The following is a NumPy implementatation of a simple monte carlo pricer. It consists of two functions. The mc_numpy function is the entry point of the pricer. The entire simulation is divided into small time step dt. The step_numpy function simulates the next batch of prices for each dt.

In [1]:
import numpy as np                         # numpy namespace
from timeit import default_timer as timer  # for timing
from matplotlib import pyplot              # for plotting
import math

In [2]:
def step_numpy(dt, prices, c0, c1, noises):
return prices * np.exp(c0 * dt + c1 * noises)

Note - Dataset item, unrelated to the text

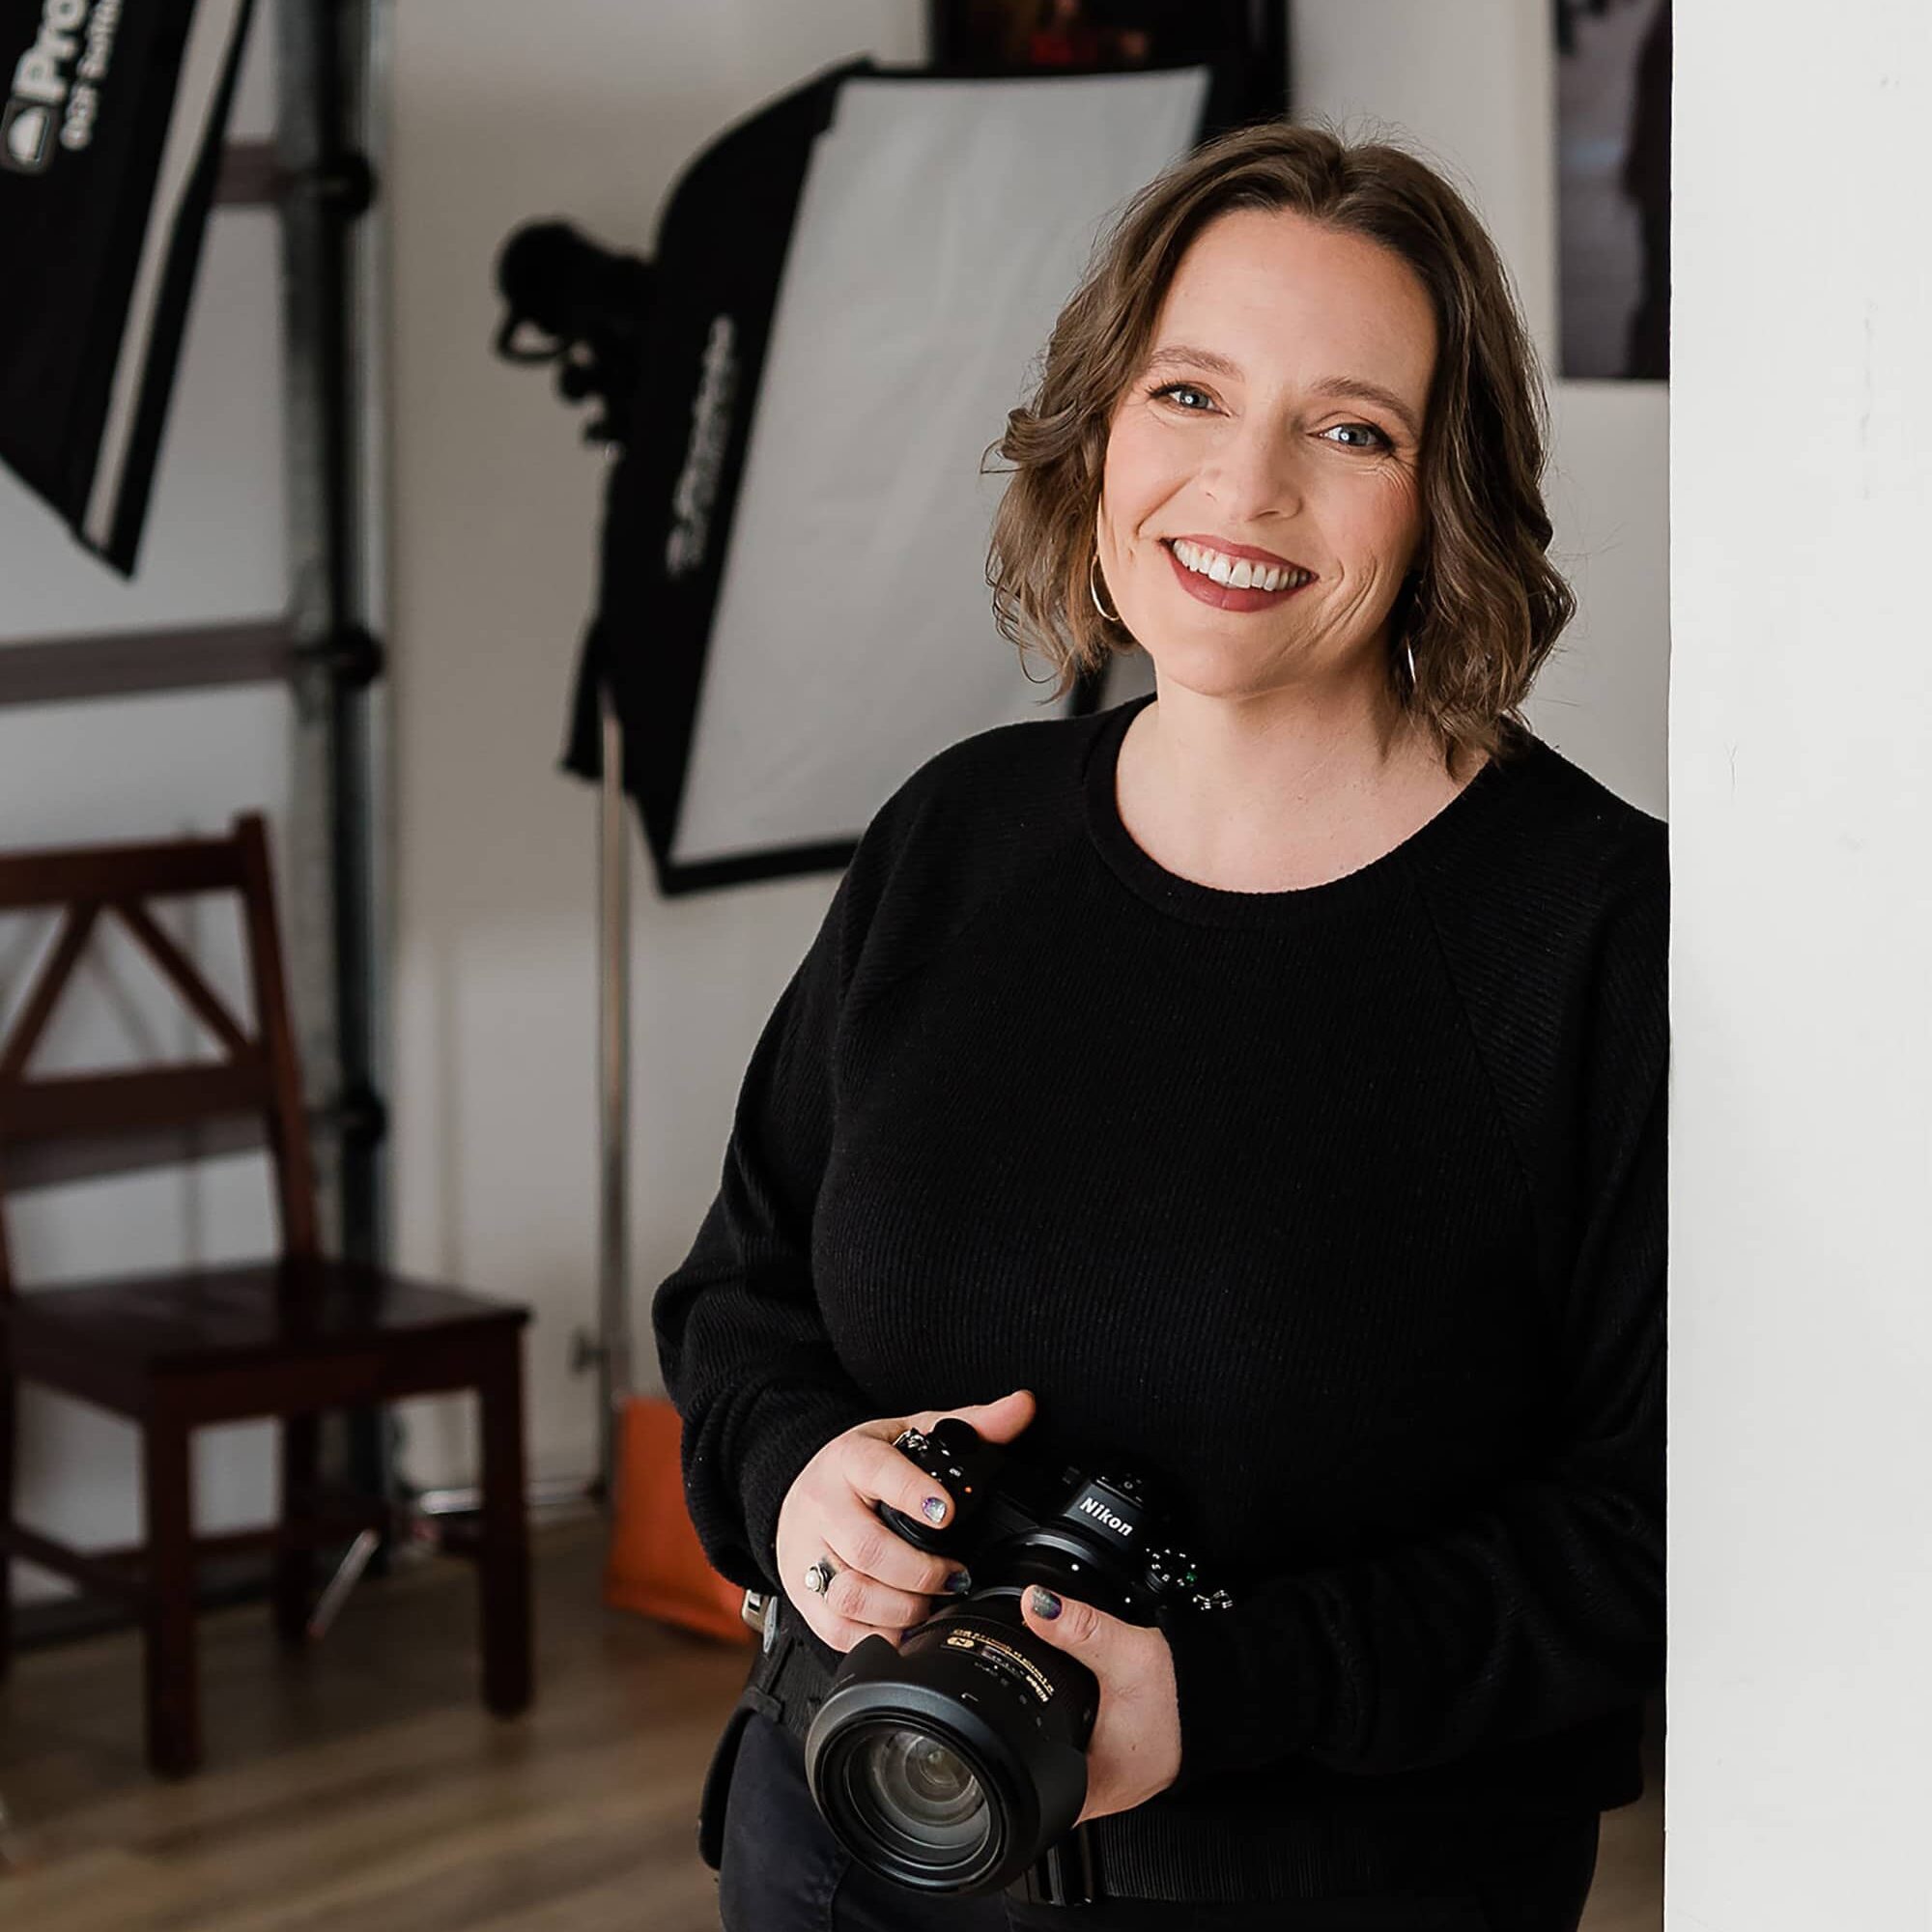 Lara Grauer holding camera in studio while smiling

def mc_numpy(paths, dt, interest, volatility):
c0 = interest - 0.5 * volatility ** 2
c1 = volatility * np.sqrt(dt)

for j in xrange(1, paths.shape[1]):   # for each time step
prices = paths[:, j - 1]          # last prices
# gaussian noises for simulation
noises = np.random.normal(0., 1., prices.size)
# simulate
paths[:, j] = step_numpy(dt, prices, c0, c1, noises)


### Configurations¶

In [3]:
# stock parameter

StockPrice = 20.83
StrikePrice = 21.50
Volatility = 0.021
InterestRate = 0.20
Maturity = 5. / 12.

# monte-carlo parameter

NumPath = 3000000
NumStep = 100

# plotting
MAX_PATH_IN_PLOT = 50


### Driver¶

The driver measures the performance of the given pricer and plots the simulation paths.

In [4]:
def driver(pricer, do_plot=False):
paths = np.zeros((NumPath, NumStep + 1), order='F')
paths[:, 0] = StockPrice
DT = Maturity / NumStep

ts = timer()
pricer(paths, DT, InterestRate, Volatility)
te = timer()
elapsed = te - ts

ST = paths[:, -1]
PaidOff = np.maximum(paths[:, -1] - StrikePrice, 0)
print 'Result'
fmt = '%20s: %s'
print fmt % ('stock price', np.mean(ST))
print fmt % ('standard error', np.std(ST) / sqrt(NumPath))
print fmt % ('paid off', np.mean(PaidOff))
optionprice = np.mean(PaidOff) * exp(-InterestRate * Maturity)
print fmt % ('option price', optionprice)

print 'Performance'
NumCompute = NumPath * NumStep
print fmt % ('Mstep/second', '%.2f' % (NumCompute / elapsed / 1e6))
print fmt % ('time elapsed', '%.3fs' % (te - ts))

if do_plot:
pathct = min(NumPath, MAX_PATH_IN_PLOT)
for i in xrange(pathct):
pyplot.plot(paths[i])
print 'Plotting %d/%d paths' % (pathct, NumPath)
pyplot.show()
return elapsed


### Result¶

In [5]:
numpy_time = driver(mc_numpy, do_plot=True)

Result
stock price: 22.6400754927
standard error: 0.000177309073507
paid off: 1.1400801894
option price: 1.04892441049
Performance
Mstep/second: 13.97
time elapsed: 21.474s
Plotting 50/3000000 paths


## Basic Vectorize¶

The vectorize decorator compiles a scalar function into a Numpy ufunc-like object for operation on arrays. The decorator must be provided with a list of possible signatures. The step_cpuvec takes 5 double arrays and return a double array.

In [6]:
from numbapro import vectorize

@vectorize(['f8(f8, f8, f8, f8, f8)'])
def step_cpuvec(last, dt, c0, c1, noise):
return last * math.exp(c0 * dt + c1 * noise)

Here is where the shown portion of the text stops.